My questions based on the understanding:

  1. How is message "12:02,C" being entertained considering Flink, with the previous watermark (WM, 12:02), has already said "I have seen everything till event time 12:02"?
  2. I have tweaked the stream sequence and inserted another record 12:01,CCC at a point as shown below in bold in the stream sequence.

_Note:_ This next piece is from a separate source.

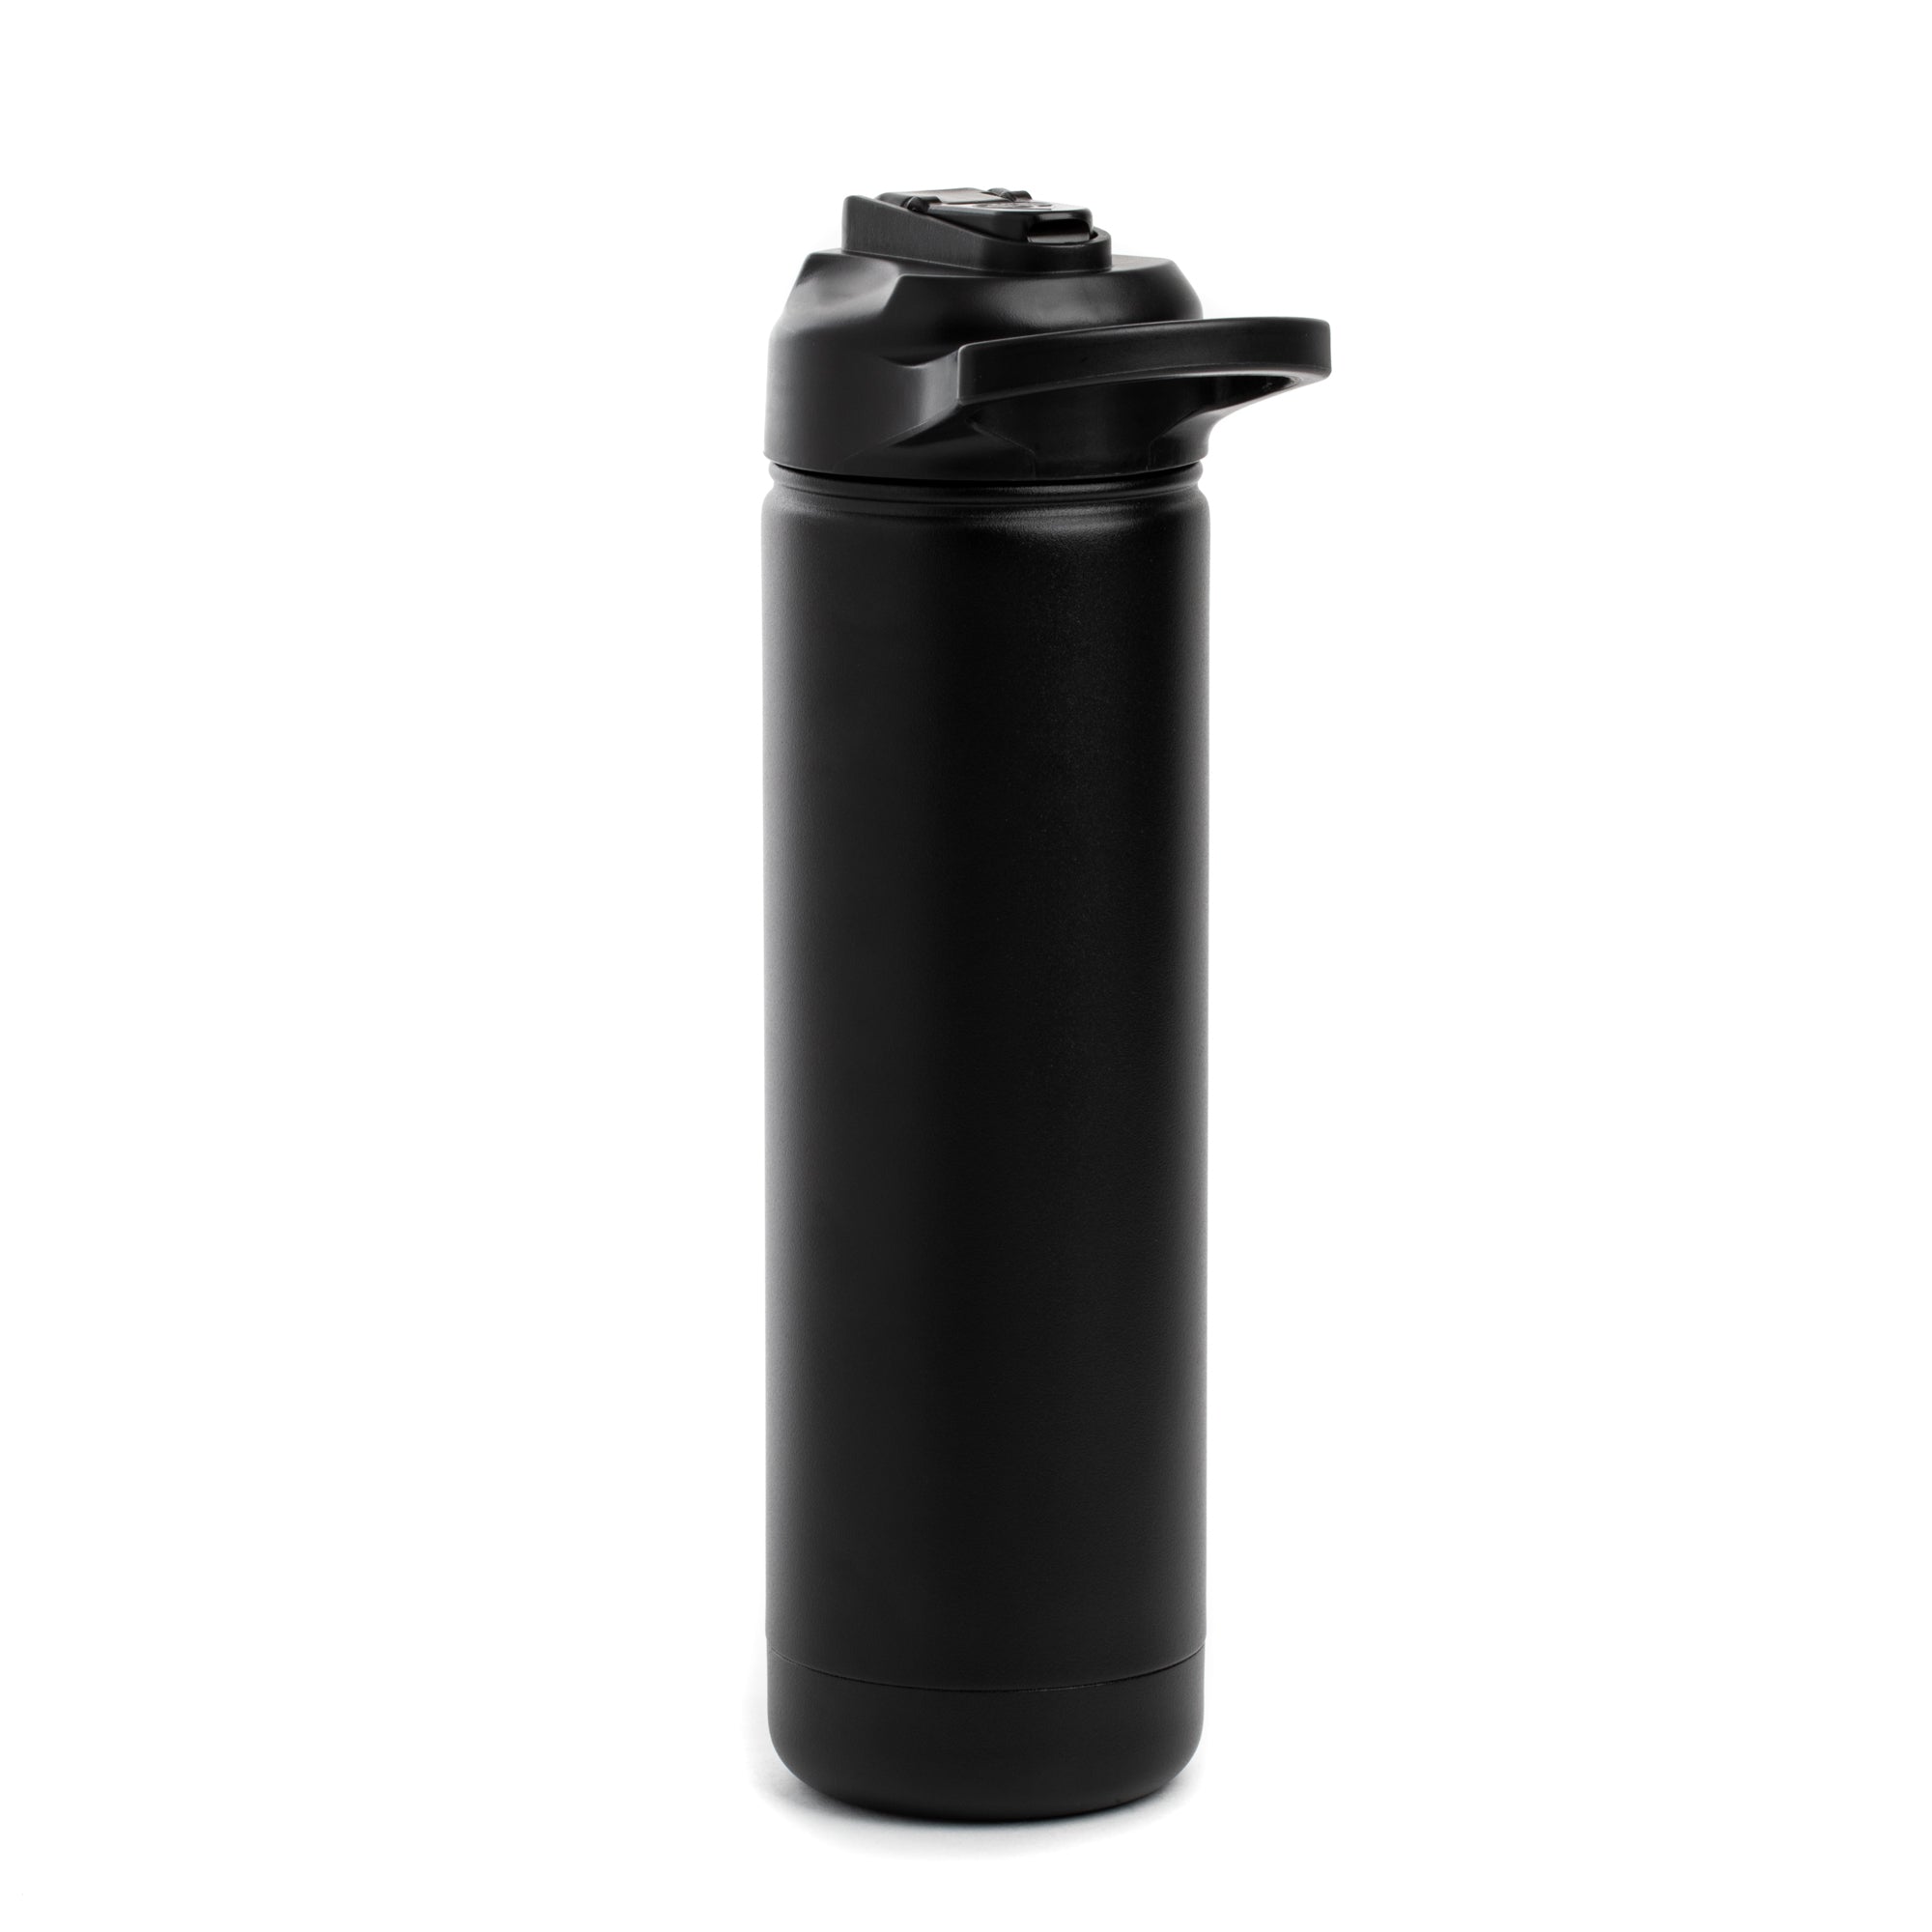 IWOM Stainless Steel Ranger Water Bottle 40 fl oz by TAL – IWOM Outerwear

If you have the following stream sequence:

12:01, A
12:04, B
WM, 12:02 // 12:04 - 2 minutes
12:02, C
 12:01, CCC // Inserted by Sheel
12:08, D
12:14, E
WM, 12:12
12:16, F
WM, 12:14 // 12:16 - 2 minutes
12:09, G

This is still in the 12:00-12:10 window but behind the watermark WM, 12:02. Lets say the allowed lateness is 5 mins. Will this record be accepted "somehow" bringing in the allowed lateness into picture or would this be dropped considering the watermark 12:02 has already crossed?

1

1 Answers

4
votes

The Watermarks control the lifetime of a window but not directly whether a record is dropped or not. When Flink's WindowOperator receives a new record, it will calculate the set of windows it falls into. If this set contains at least one active window, meaning that there is no watermark with a higher value than the window's end time + allowed lateness, the record will be assigned to this window and will become part of the window computation (even if the record's timestamp is lower than the last seen watermark). Hence, one could say that windows reduce the resolution of watermarks with respect to the individual records.

In your case, this means that both C and CCC will become part of the window 12:00 - 12:10 since the system hasn't seen a Watermark with >= 12:10, yet.